What Are You? What Am I?

Title: Title Goes Here
Time Period: July 30, 135 A.E.
Characters Appearing:

Summary: Hands hands.

Birds sing, the sun shines, clear water rushes clean through a rocky stream. Flint's spent the most of the morning sleeping late in the absence of responsibility granted him by this unannounced sojourn into the forest. Since the sun's risen too bright through the leaves to ignore, he's plunged into the stream to rinse gore from sticky fur and death from between his teeth, snapping gracelessly after stray trout instead.

The retarded crash and slap of water thrown up against the current can be clearly heard for a ways into the woods. Disturbing the peace.

Eventually he tires enough for his interest to wane. Clean and comfortable, he turns himself back on an easy delay. Taking his time. It hurts less that way, when he can temper it. Muscle and fur recede. Tendon draws bone in tight. He is a man.
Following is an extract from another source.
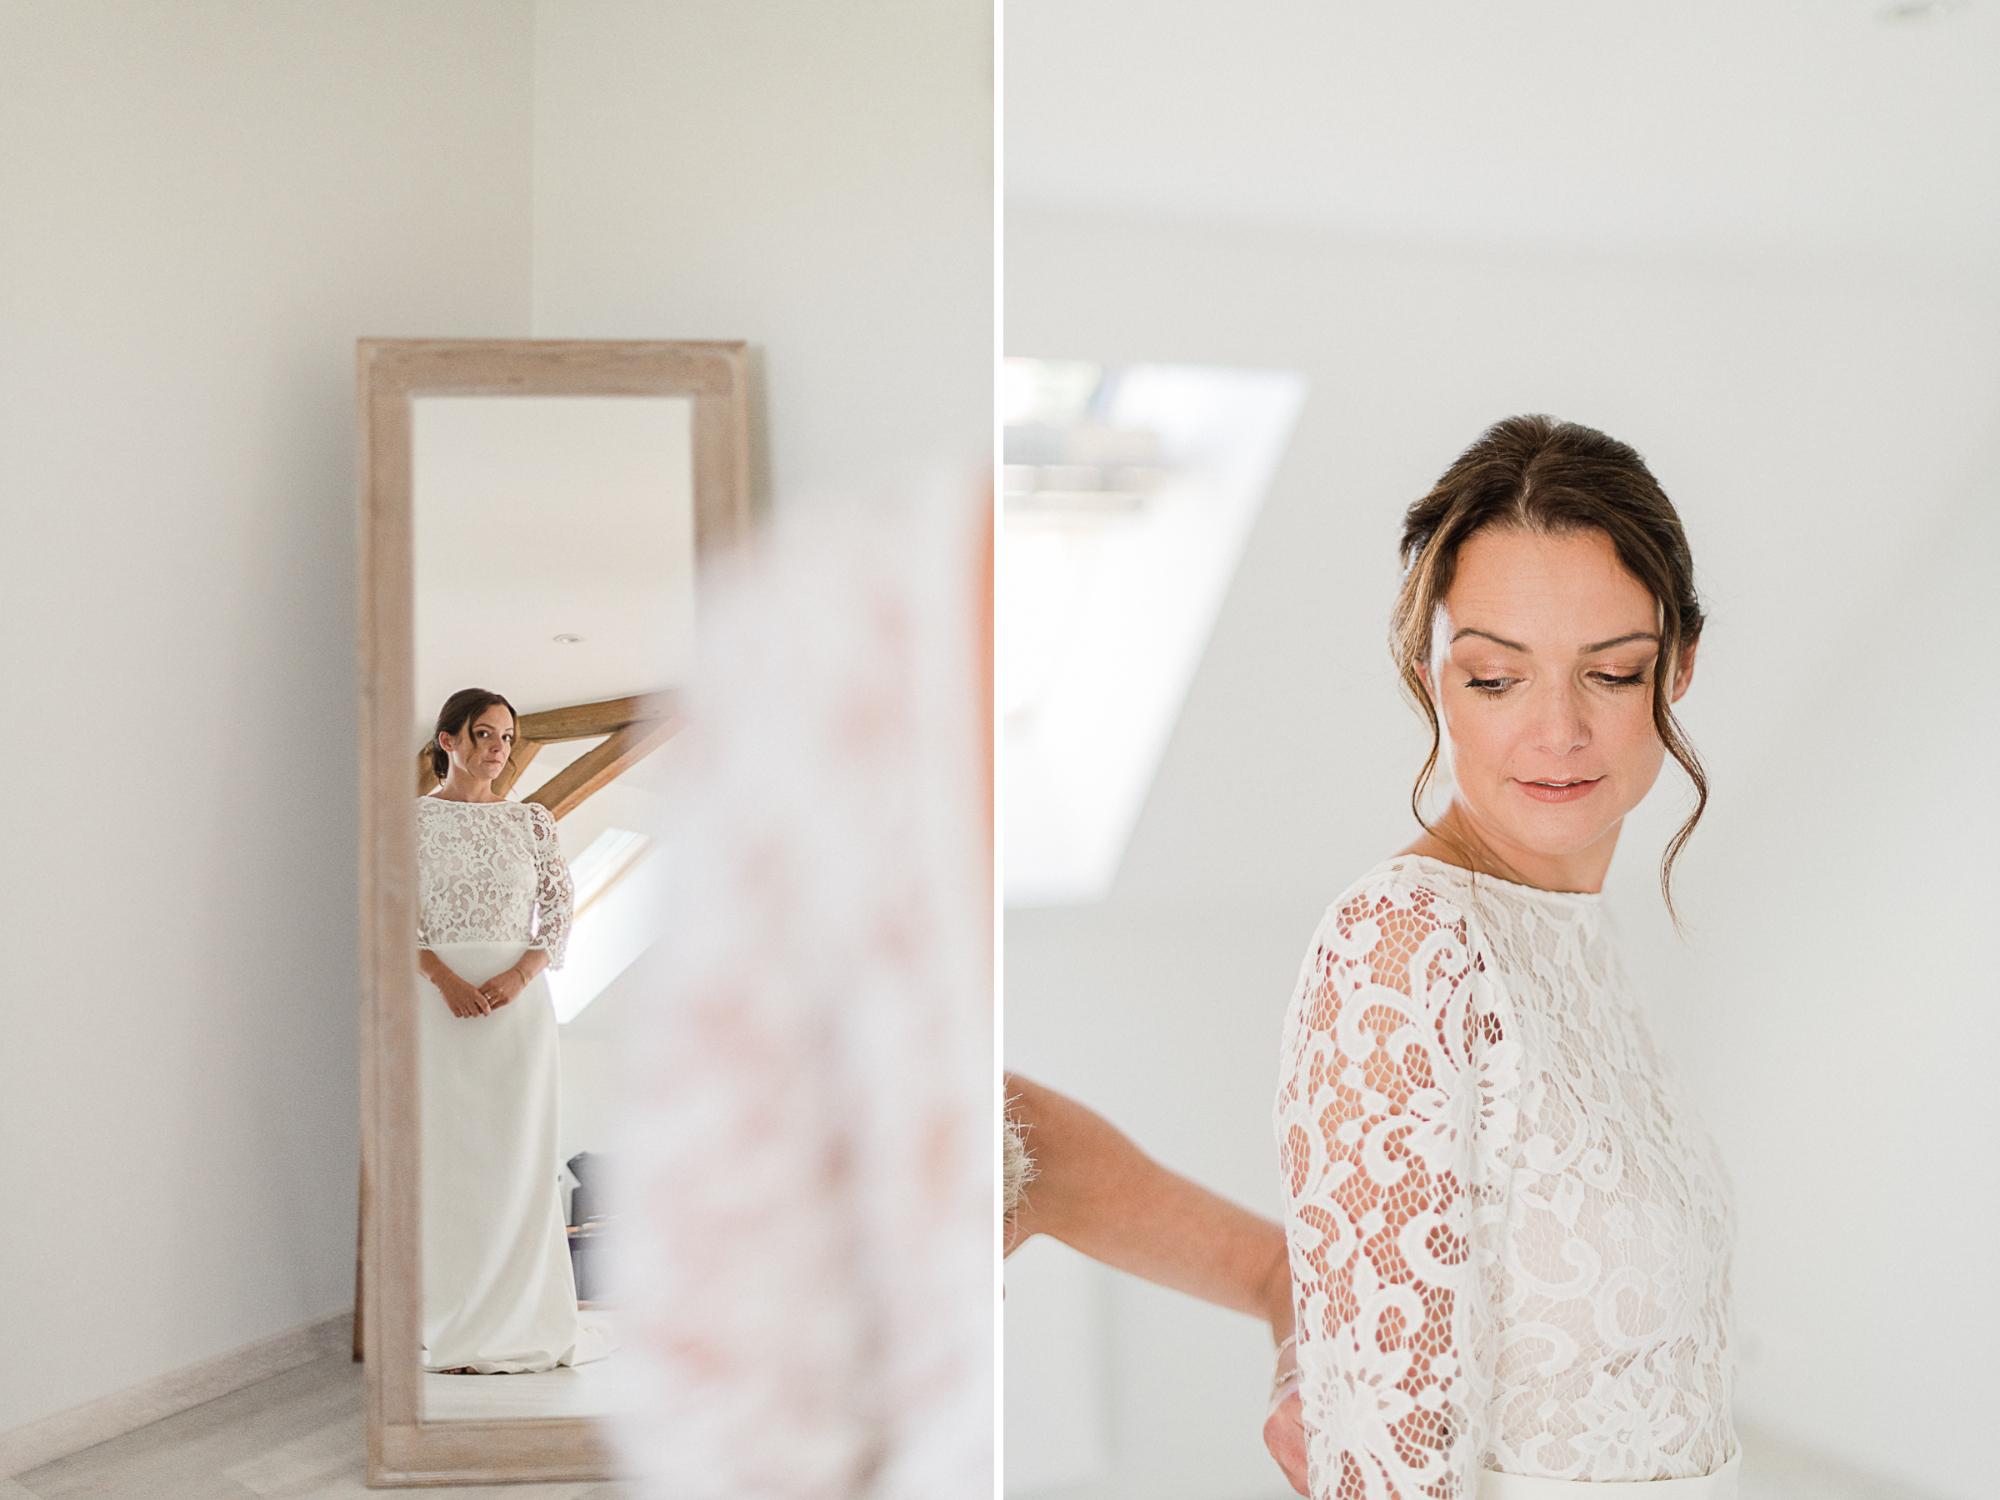 priscillapuzenat-photographe-mariage-bazoches-chateau-nievre-morvan-bourgogne-robe-preparatifs-femme

A naked man in a stream who's recently had his ass brutally kicked. The roll of his jacket stands out bright against the shoreline. The lump beneath them is probably a pair of pants.
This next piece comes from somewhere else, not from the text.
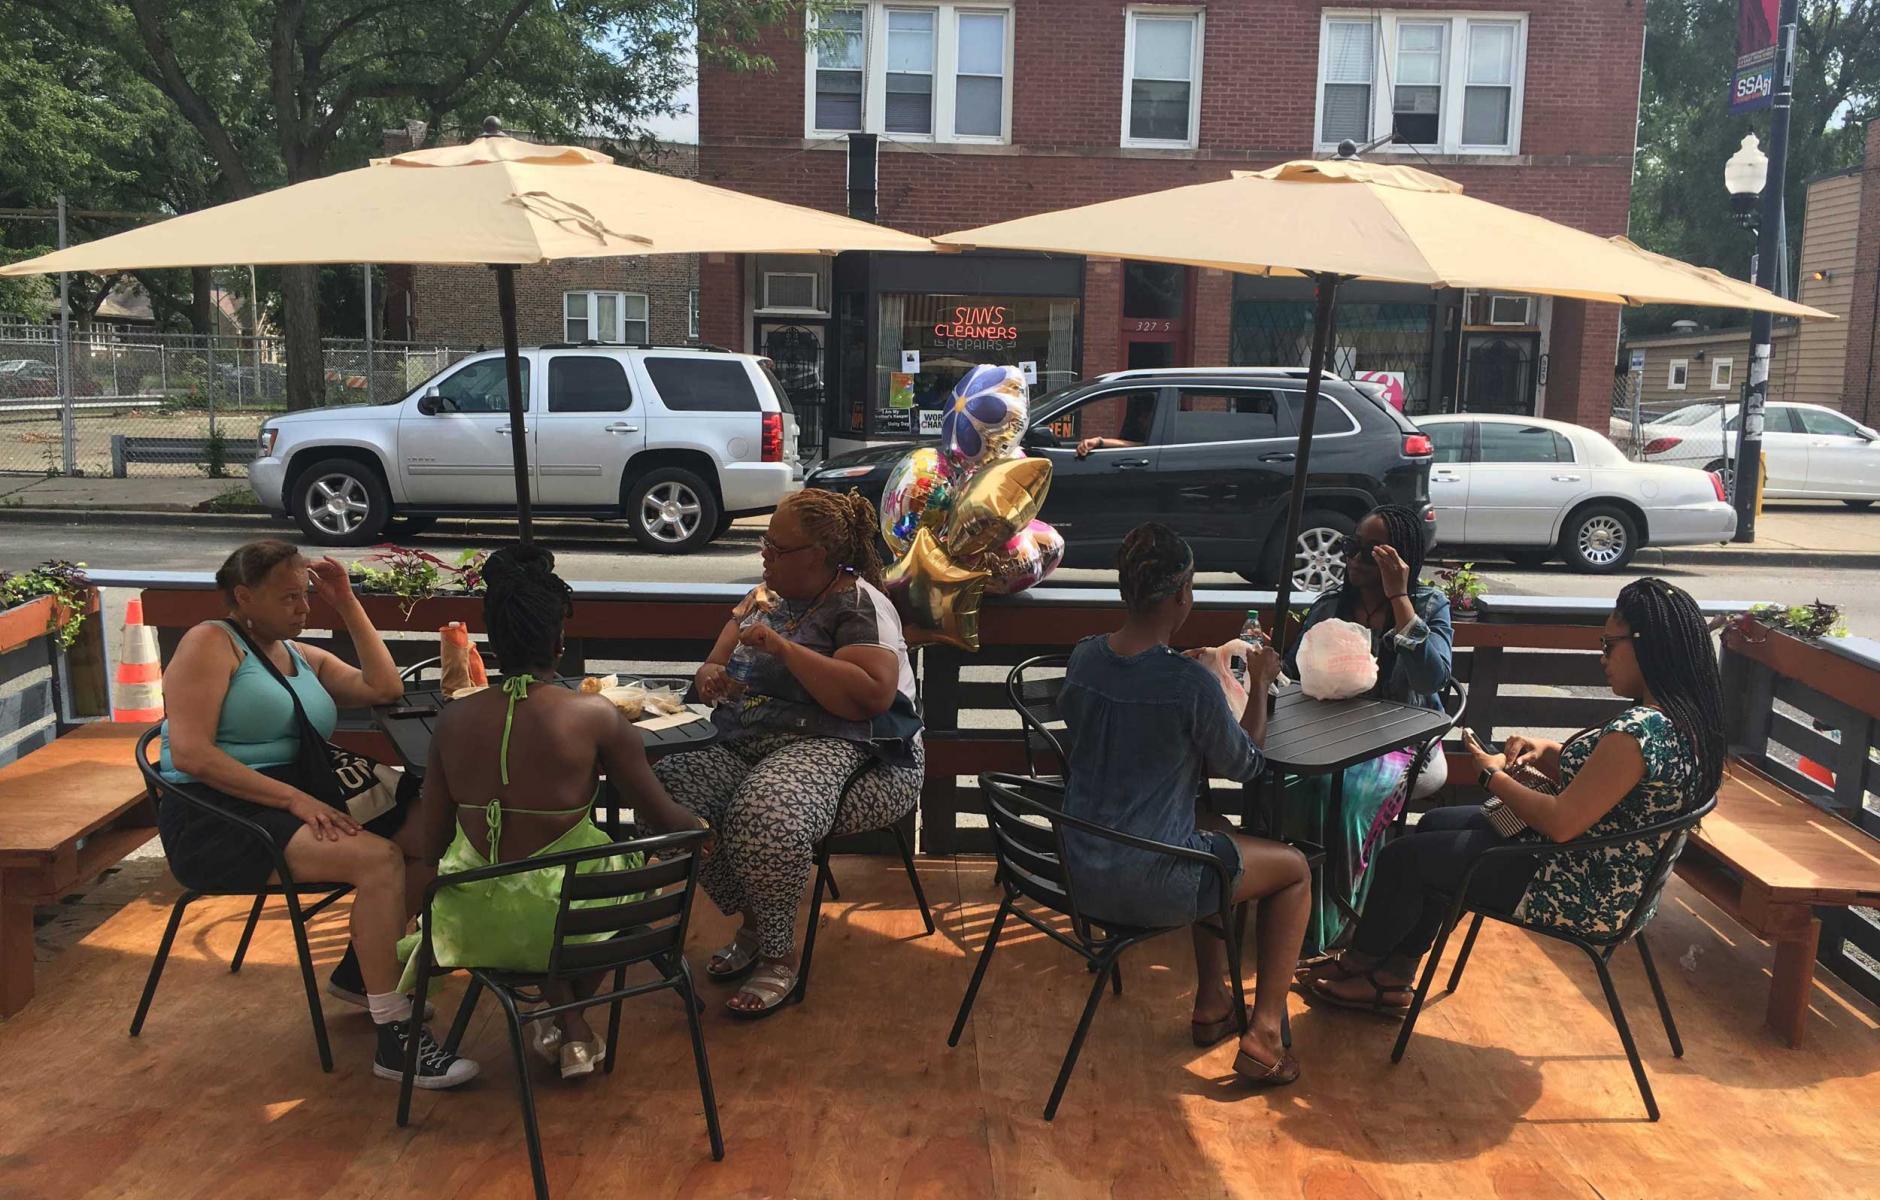 Article image for Parklets transform Southside Chicago street

Across the bank's opposite side, a squirrel has paused to look. After an uneasy moment spent looking back, he fishes a stone off the bottom to throw at it.

Just in case.

In all fairness, the stream is a bright beacon and meeting place for forest dwelling things. Clear water in the summer is an attractive prospect, as Deckard himself knows. Soon, he will know he is not alone, but not sooner than Cruikshank, who heard the kerfuffle in the water and sent his own prying eyes ahead of him to go look, with only a little bit of convincing. The magpie had gotten herself out of the vicinity before any rocks could be thrown or even before she could be noticed, but the crunching steps of a grown man approaching, even cautiously, are less subtle.
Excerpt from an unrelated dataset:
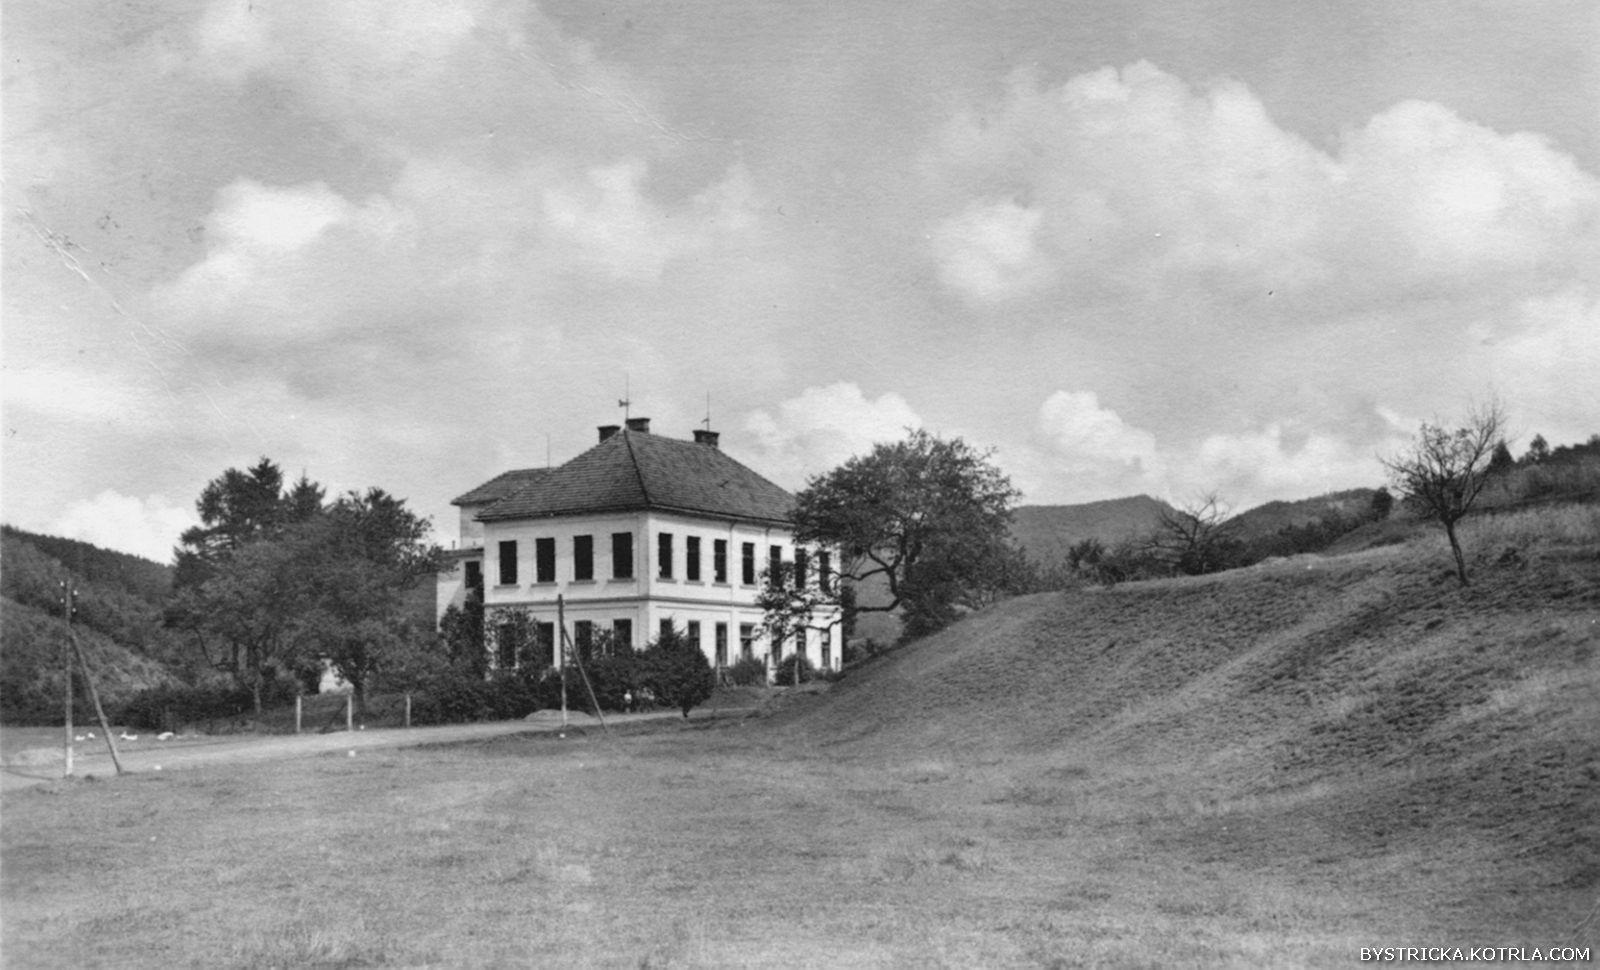 Škola v šedesátých letech

He is not naked! Actually. His feet are bare. but his legs are clad in loose, thin hide that has had little treatment. A sort of tunic tied off to shut hangs off bony shoulders, and dry bones click off the chord around his neck.

A bag of burlap and leather hangs off his shoulder, and it smells like like old death, after the bugs have picked it clean.

As often seems to be the case, it's the smell of company on the approach rather than the sound of it that turns Deckard around to look. And see.

It takes some searching to place Cruikshank as someone he recognizes once he has. They weren't together for long. And he didn't get a good look.

For his part, Flint doesn't look much better than he did the day he washed up on the beach. He's bruised all across the side of his face and around his throat amidst the bristle of his neckbeard. Fresh powder burns sting red at his side and around one arm.

A lean cranes his look around enough for him to feel satisfied there's nobody else, not nearly paranoid enough for his own good. He's made up his mind to relax. He is a creature of the forest and no one will find him there for as long as he doesn't think about it!

No one besides Fletcher.

"Hey," he greets, still a little breathless from — fishing. Or whatever totally normal activities he was just up to. "I don't remember your name."


Helpful. He is a helper. At providing names and unlocking locks with sea water and doing a sort of half-hearted cover-up that didn't work too well on account of people being apathetic, nosy, or Leonard. He also hesitates before he approaches, leaving clothing alone and coming to crouch at the street side, dipping his hands into the water, giving them a much needed cleaning while he happens to be here.

"I don't think we traded names," he states. Playing it slightly cautious, although being a sort of naturally anxious creature, it's probably still detectable in the core of his voice and manner.

Weird name.

Deckard rankles his nose accordingly, incredulous until it's clear that no alternative is forthcoming. Vaguely trapped between being naked in the water and being naked out of the water long enough to put his clothes on, he opts for the former without being sure that's the normal thing to do. Seems like it would be.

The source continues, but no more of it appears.